= Zack Taylor (celebrity blogger) =

Canadian blogger (born 1987)

Zack Taylor (born August 30, 1987) is a former radio disc jockey working for Y100 FM in Miami. Taylor hosted the midday show on Mix 100 FM in Yellowknife. He later turned into a celebrity blogger after creating Canadian celebrity gossip site ZACKTAYLOR.CA in August 2007. He now does gossip reports for KISS 92.5 and Z103.5 FM in Toronto.

==Career==
The website gained attention in mid-November 2007, when photos of Toronto Maple Leaf, Jiří Tlustý, one of which was of him nude, appeared on Isthishappening.com, causing a media frenzy. This scandal was published as the full-front page photo of the November 14, 2007, Toronto Sun.

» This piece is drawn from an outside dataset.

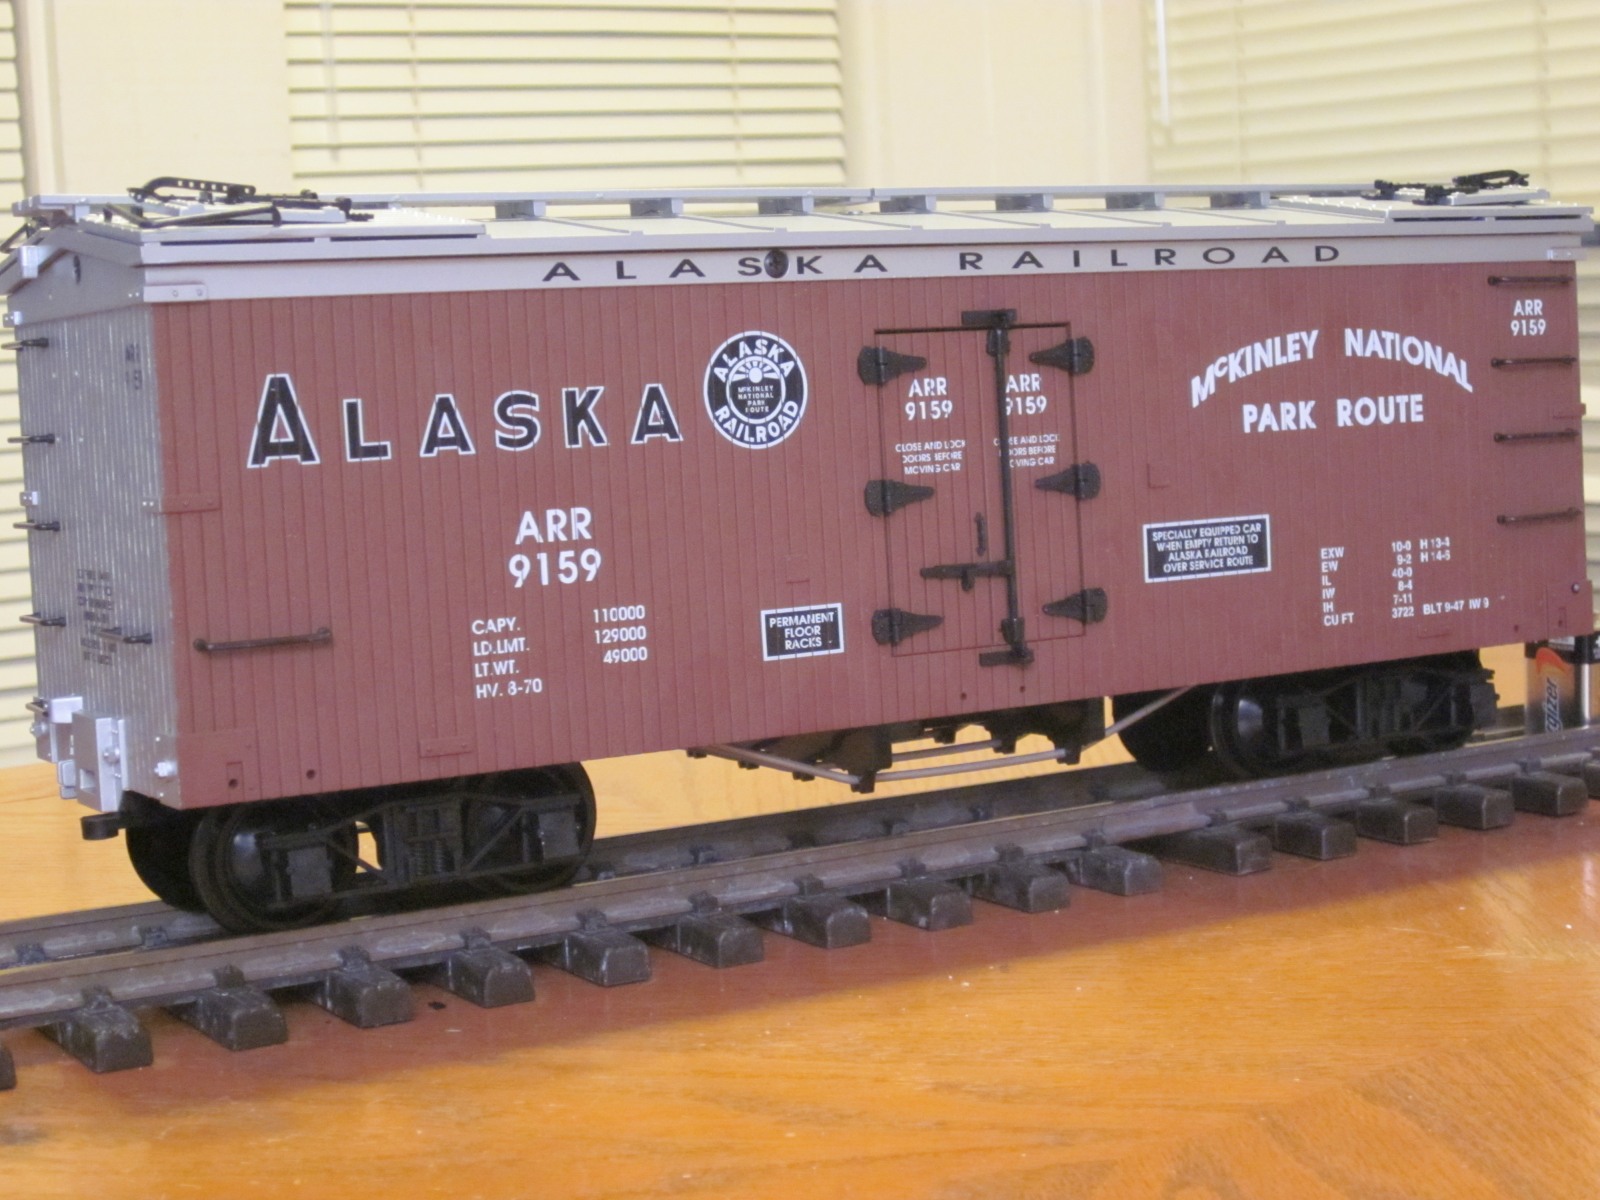 R16204B Alaska RR (Brown Silver) ARR 9159

After all the attention, the website was bought in January 2008 by Hot or Not Inc. and turned into HotorNotGossip.com making Zack Taylor their main blogger.

In December 2008, Taylor re-branded the website under the title, ZackTaylor.ca - giving himself more freedom according to reports.

Taylor has been nicknamed "The Canadian Perez Hilton".

In June 2009, Taylor changed the direction of his website to take the side of celebrities.

On April 14, 2009, Taylor's company Is This Happening Inc. expanded with the introduction of two new subdivisions:

In November 2009, Taylor was hired as the celebrity insider at Toronto's KISS 92.5 FM and Z103.5 FM radio station for their weekly programs.

On October 3, 2011, Taylor announced via CNBC that his website was shutting down after it was bought by Cheaterville Inc. in Las Vegas to be changed into a new website.